Page:A History of the Knights of Malta, or the Order of St. John of Jerusalem.djvu/391

This page has been proofread, but needs to be validated.
the Knights of Malta.
361

forced to relinquish the strife, and to retire in despair to the shelter of their trenches.

It would be a tedious task to describe the constant succession of assaults by which Solyman endeavoured to regain the advantage which had been lost on the first attempt. In each case, the means employed, both in the attack and defence, were always the same. The sudden alarm caused either by the explosion of a mine or the rush of a storming column, the hasty call to arms, the ringing of the bells, whereby the impending danger was notified to the garrison generally, the onset of the Moslem, the firm stand of the knights, the fiercely-shouted war-cry ringing out on either side, the roar of artillery, the incessant rattle of small arms, the flashing of Greek fire, and the fatal hissing of the seething pitch poured on the foe as they clambered over the breach; such were always the leading features of the picture; what need therefore to repeat the tale? The results are the only real points of importance, and these were invariably the same. Though the assaulting columns numbered thousands and tens of thousands selected from the flower of the Ottoman. army, whilst the defenders consisted of but a handful of Christians, harassed, exhausted, and weakened by their previous efforts, still upon each occasion the swarms of the infidel were forced to recoil from the impassable barrier.

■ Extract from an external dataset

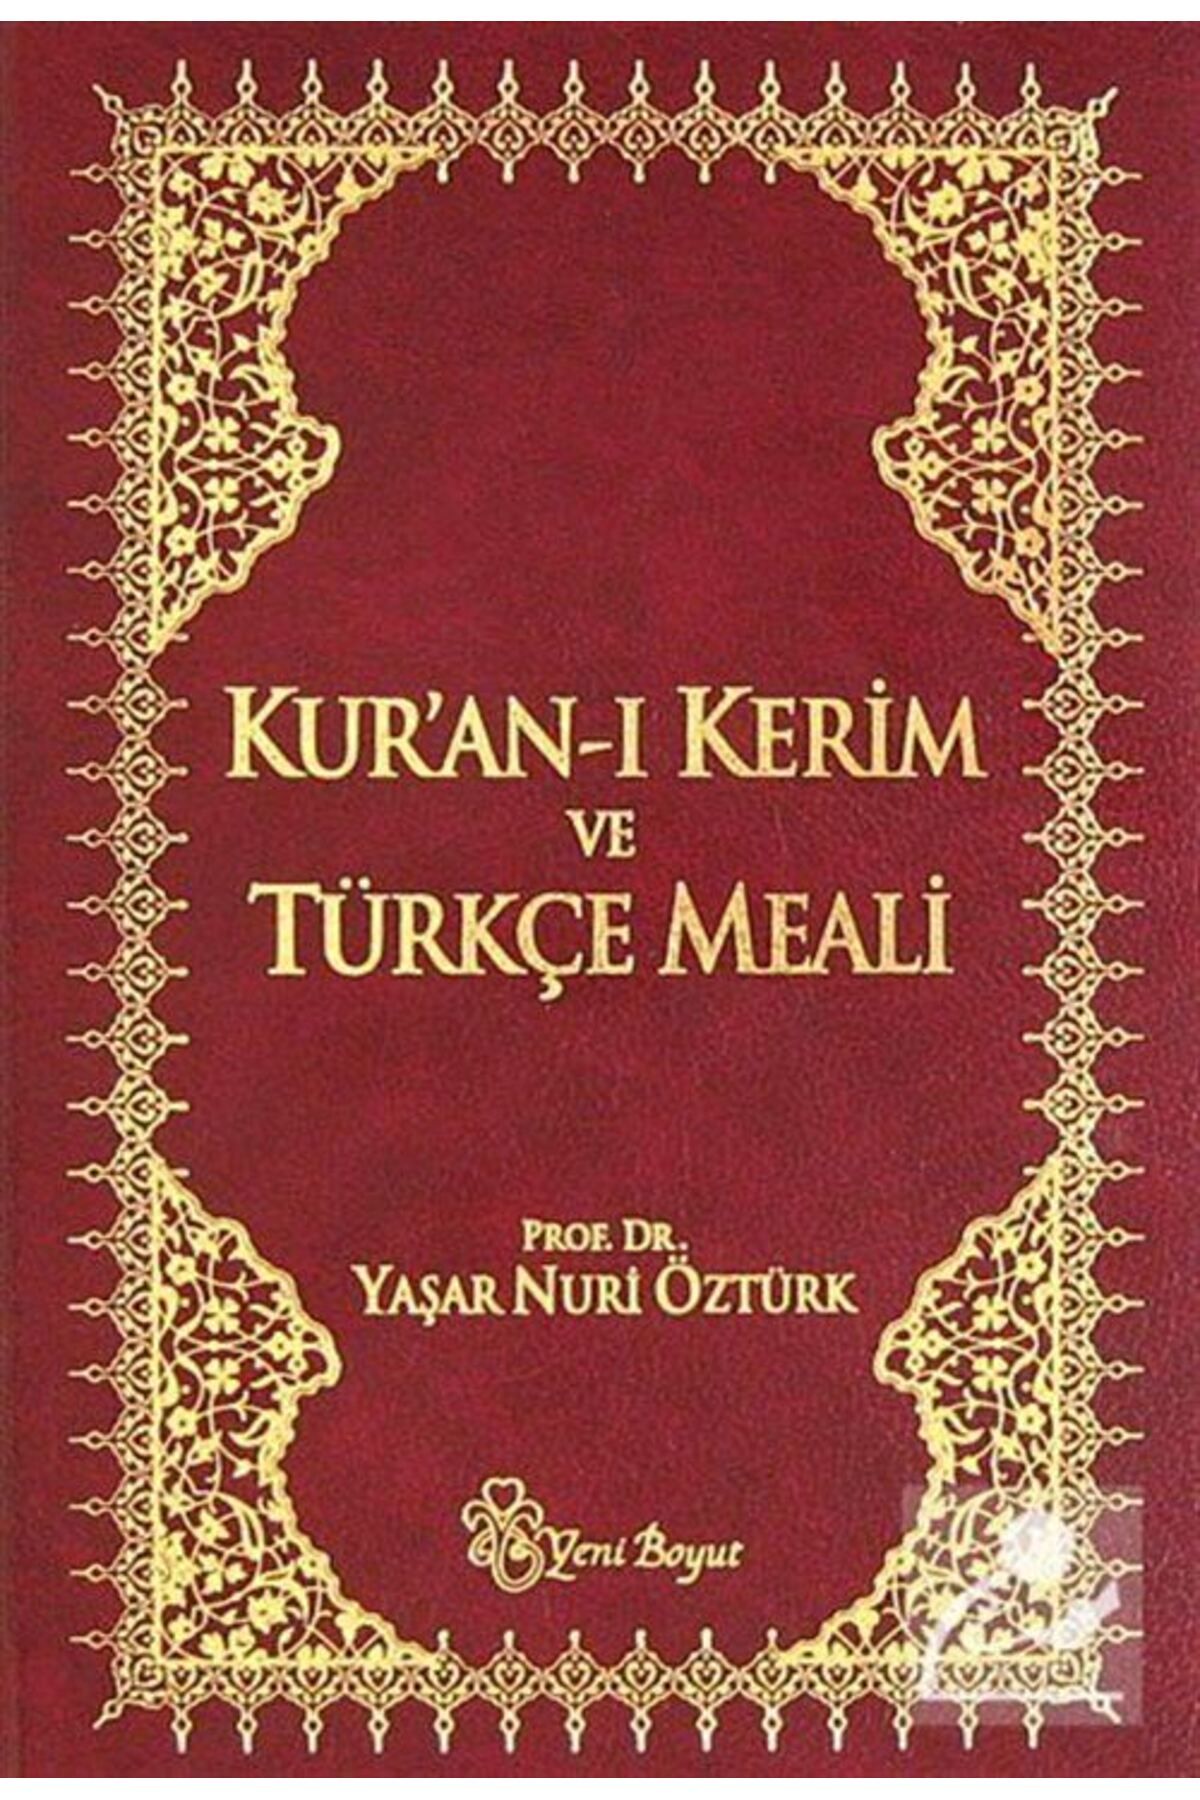 Yeni Boyut Yayınları Kuranı Kerim Ve Türkçe Meali (METİNLİ-KÜÇÜK BOY) (CİLTLİ)

It is thus that Ahmed Hafiz describes some of these assaults: “The Mussulmans descended into the ditch, carrying their fascines with them, whilst the best marksmen fired on all who dared to show their heads above the crest of the parapet. Clinging to the walls like polypi, the assailants mounted steadily under the storm of fire and steel, which rained on them from the ramparts; the noise of musketry, the discharge of cannon, the cries of the combatants filled the air with a confused tumult. Not content with receiving the victorious[1] with fire and steel, the besieged also poured on them caldrons of boiling pitch and tar. The brave soldiers of Islam fell by hundreds, and the angels opened the gates of Paradise to their souls, for from the summit of the fortress were hurled masses of rock and of metal upon the ladders crowded with men. By

  1. Hafiz always speaks of the Ottoman forces as “the victorious,” even when impartially recording their failures.